When we go and try to pursue these other goals, we try to better ourselves or our lives in some way, we try to contribute to the world in some way or we try to create something different in our lives than what we’ve had in the past, the brain does not like it at all. The brain thinks it’s dangerous, the brain thinks, “Well, why do we need to go and do this additional thing when what we’ve been doing has kept us alive?”.
Maybe you can relate to this, maybe there are situations in your life where you’re unhappy with the result, you know there’s a better result available to you, you’ve even had a different result at some point, but pursuing it, getting there, is challenging and the brain, basically, is like, “Why bother? This other way has worked just fine. Have you noticed? We’re not dead”. Again, I know you don’t have probably those exact words consciously running through your brain, but that’s essentially what’s happening on the primitive level of the brain.

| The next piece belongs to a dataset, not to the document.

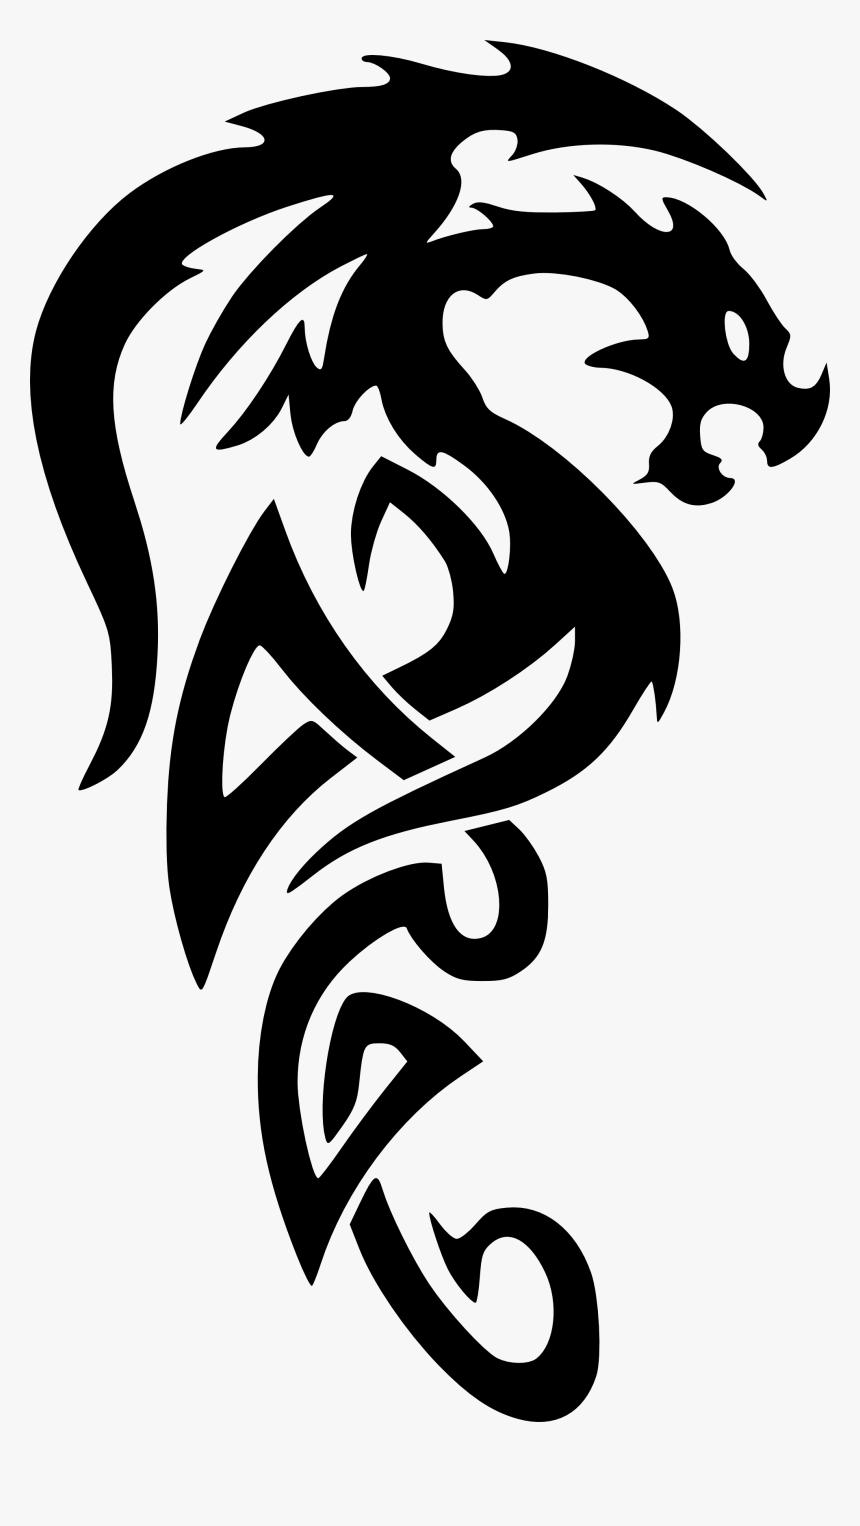 Transparent Tattoo Designs Png.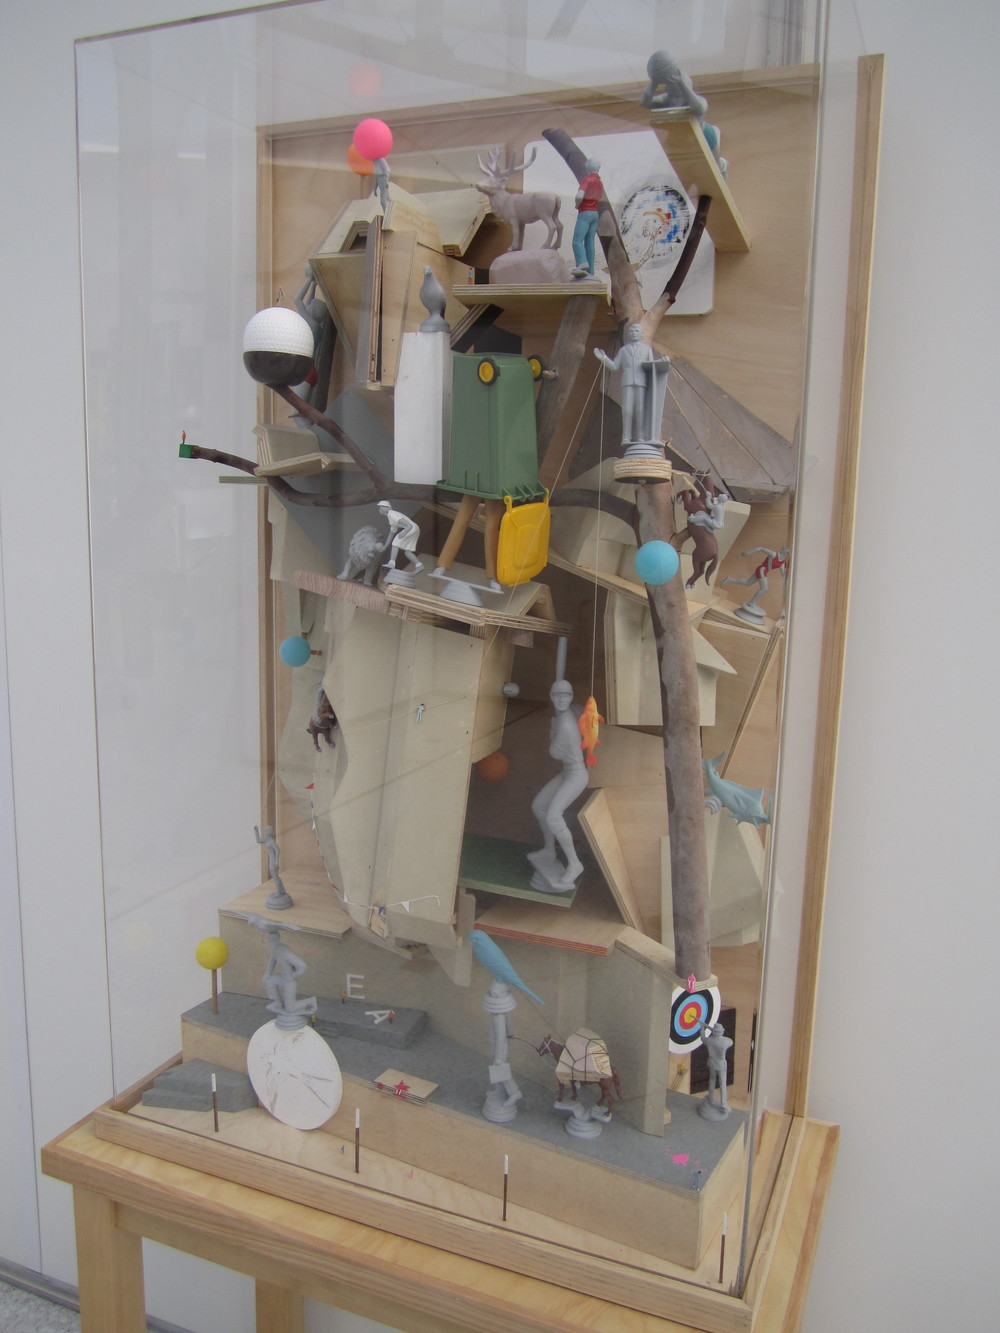 Joondalup Invitation Art Award, 2012   Precipice , 2011 Mixed media 193cm x 83cm x 44cm

I don’t want you to beat yourself up for anything that you’ve given up on in the past or maybe you’re in the process of giving up on right now. I’m not here to tell you that there’s something wrong with you, that you’re weak or bad. I don’t believe that you need more self-discipline or willpower. I really don’t believe any of that.
I really believe that you need to understand better what’s going on. You need to be, first of all, compassionate with yourself for walking away from the thing. It makes perfect sense because you’re a human being with a healthy human brain that you would give up on things. As we understand it with compassion, that’s where we get the ability to not give up even though we’re going to want to at times.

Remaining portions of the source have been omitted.